#### Exercise prompt
The listing is to be repeated exactly, and its pictures are to be left out.

#### Recorded information
=======
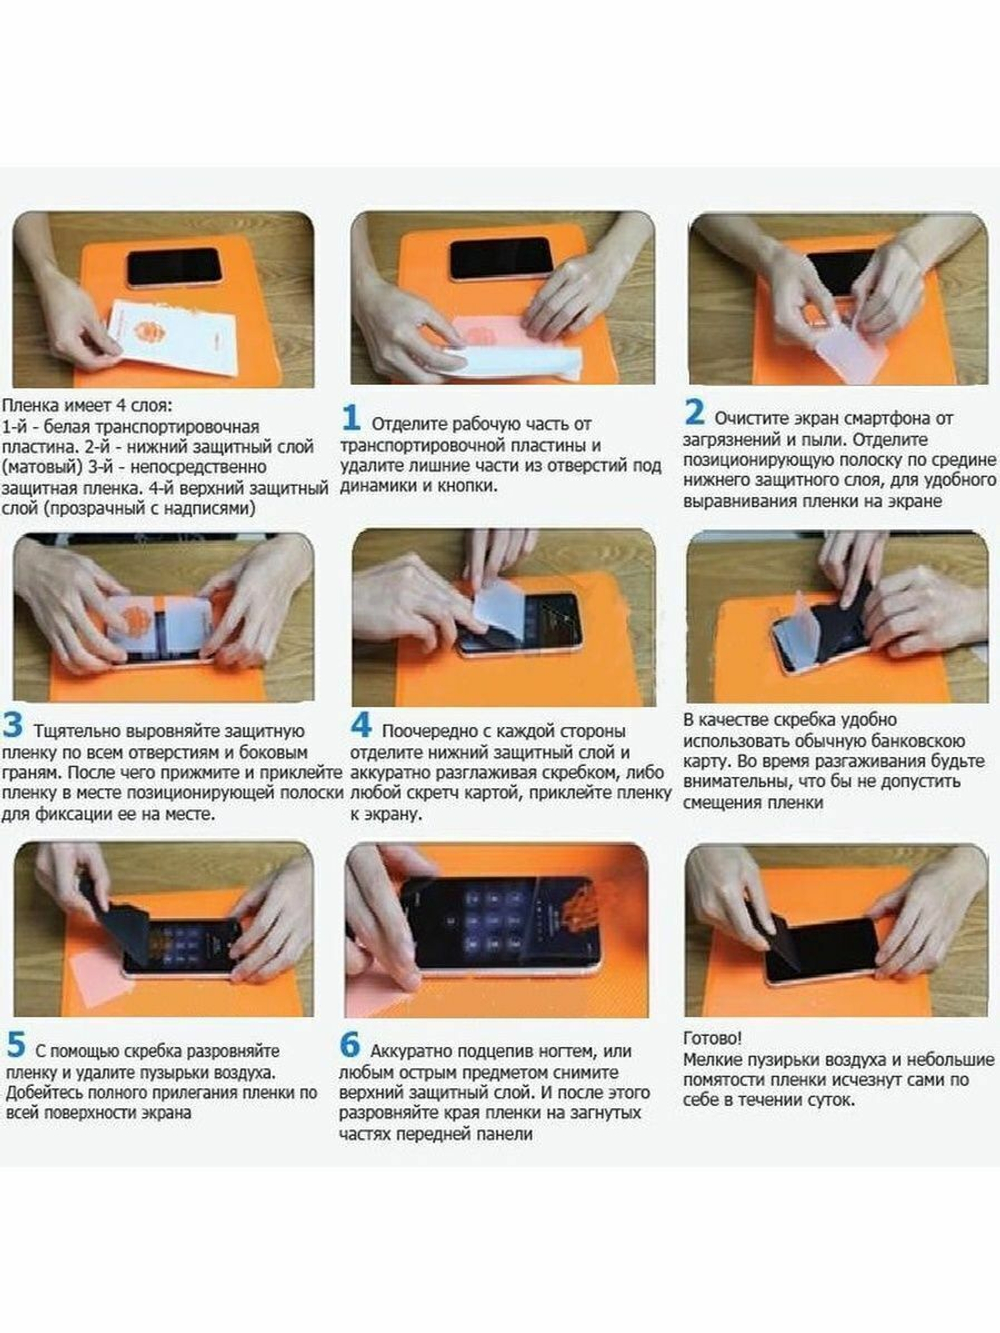 Защитная пленка гидрогелевая для Apple iPad 4 (самовосстанавливающаяся матовая)
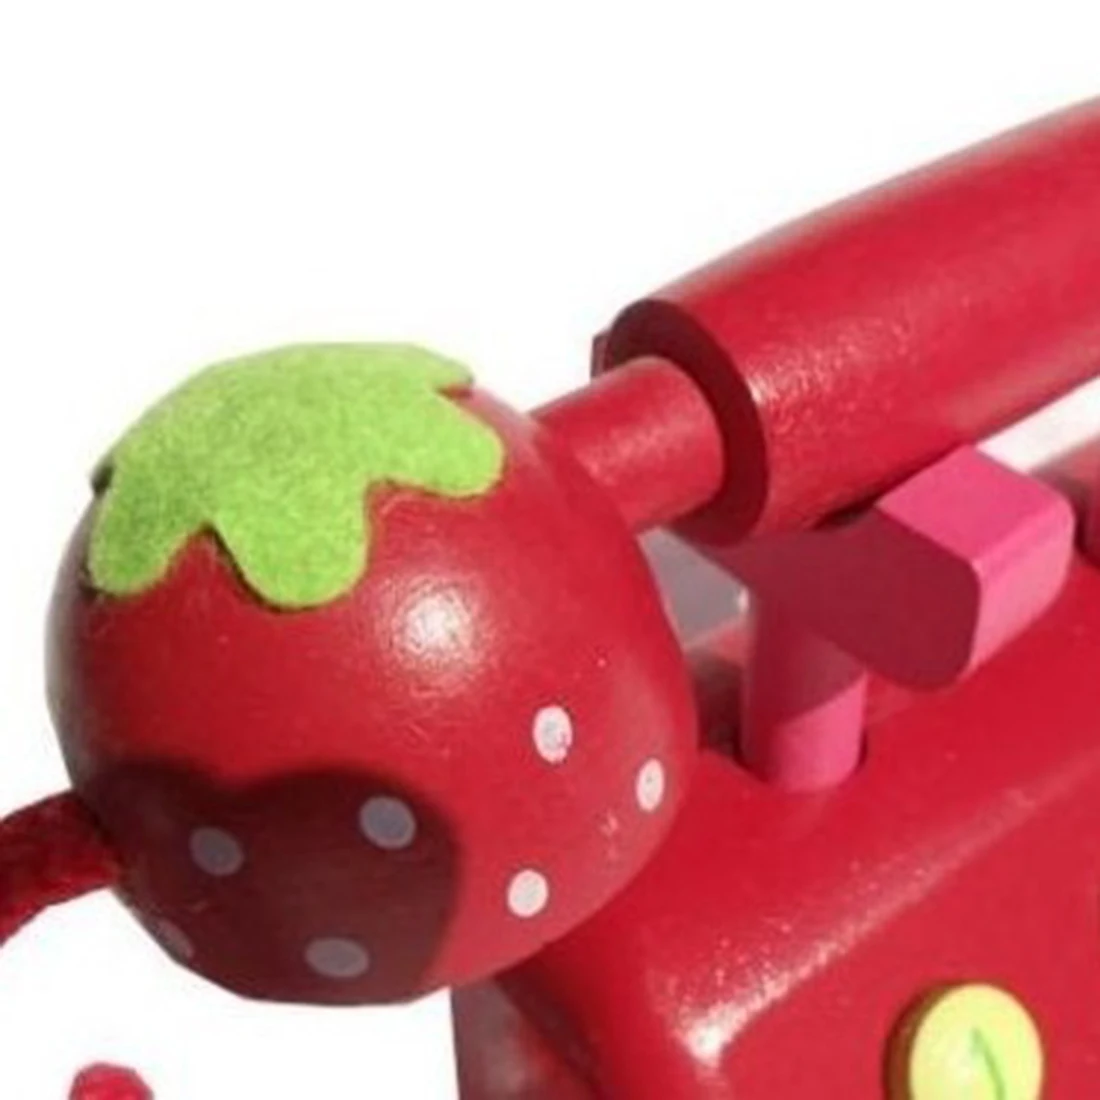 Дети моделирование деревянный телефон ролевые игры раннего образования подарок мебель игрушка с клубничным узором-красный/розовый
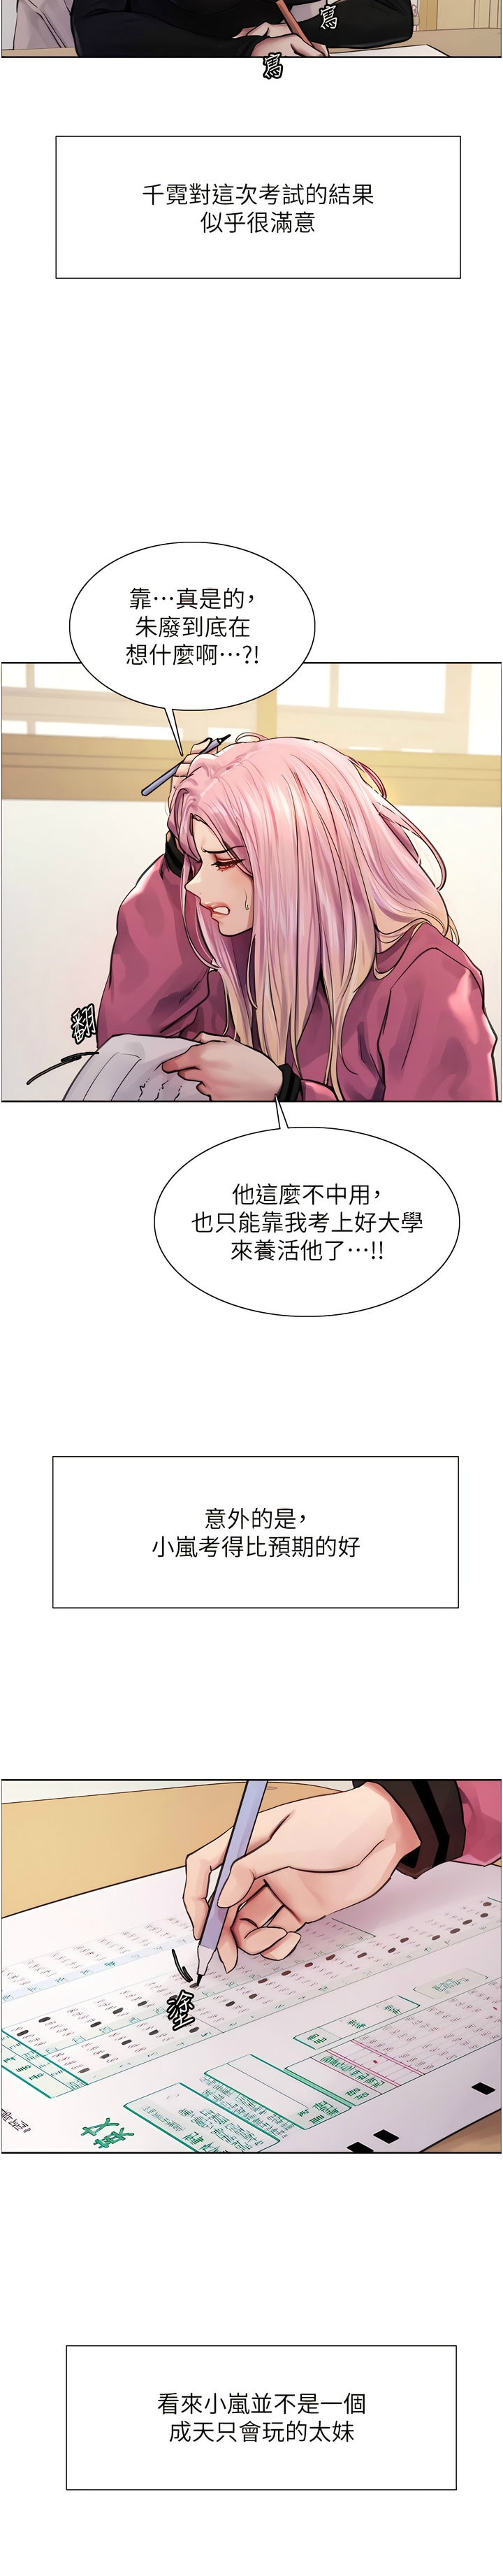 [韩漫]  色轮眼/ Sex Stopwatch 1-10 (第二季)[中文][连载中] - Page 9
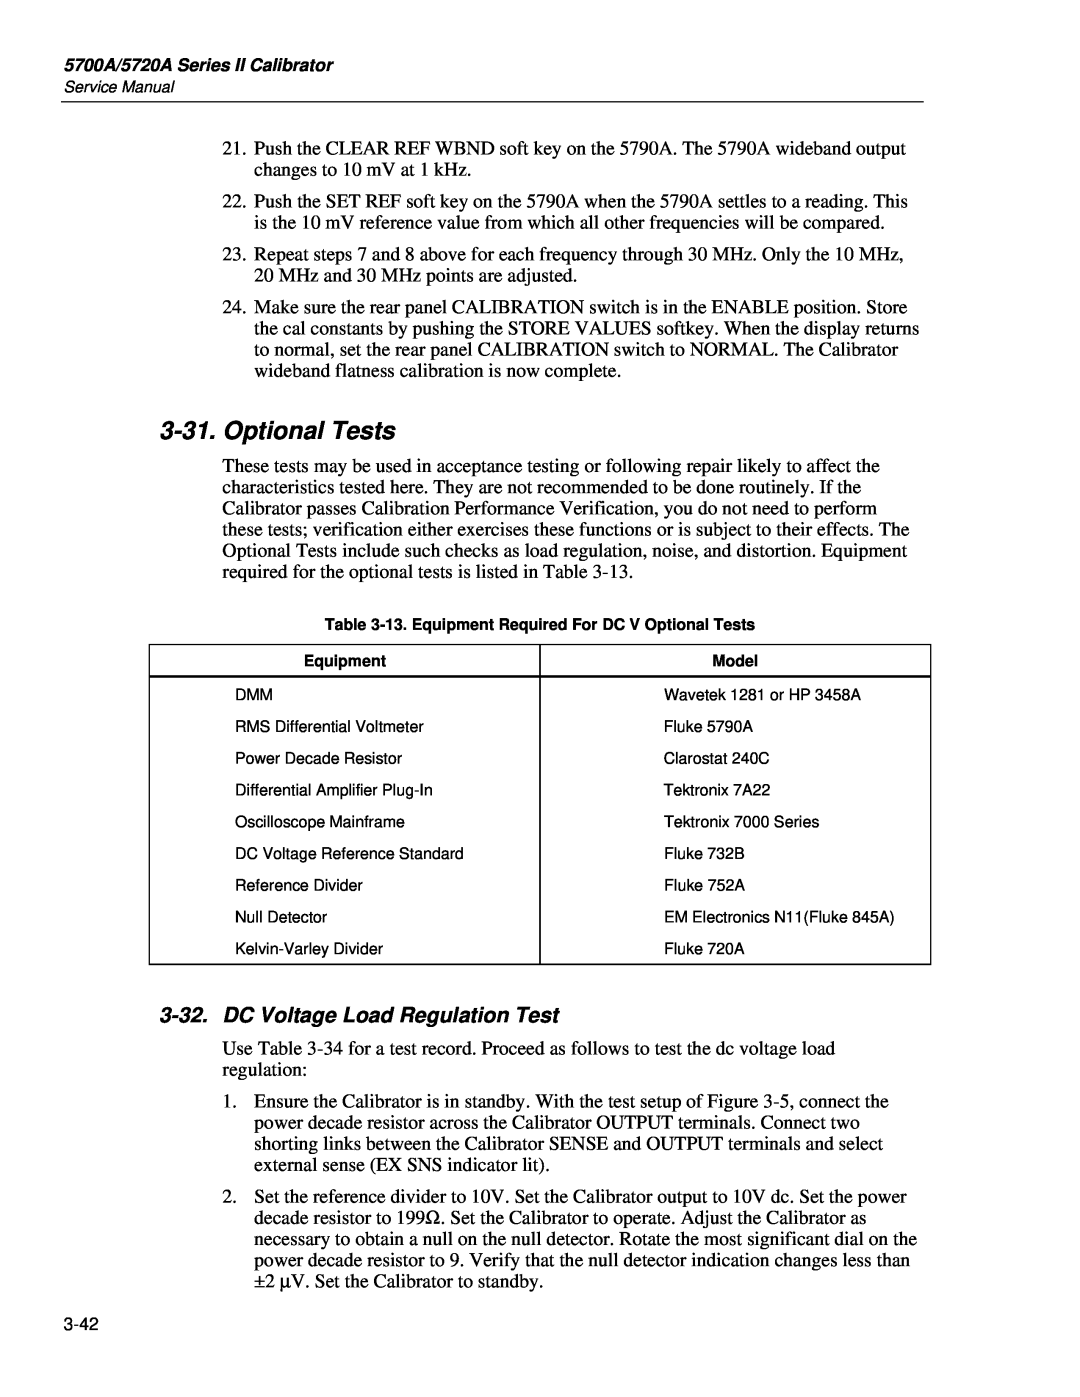 Fluke 5720A service manual Optional Tests, DC Voltage Load Regulation Test
=======
#### Output
 Защитная пленка гидрогелевая для Apple iPad 4 (самовосстанавливающаяся матовая)
 Дети моделирование деревянный телефон ролевые игры раннего образования подарок мебель игрушка с клубничным узором-красный/розовый
 [韩漫]  色轮眼/ Sex Stopwatch 1-10 (第二季)[中文][连载中] - Page 9
 Fluke 5720A service manual Optional Tests, DC Voltage Load Regulation Test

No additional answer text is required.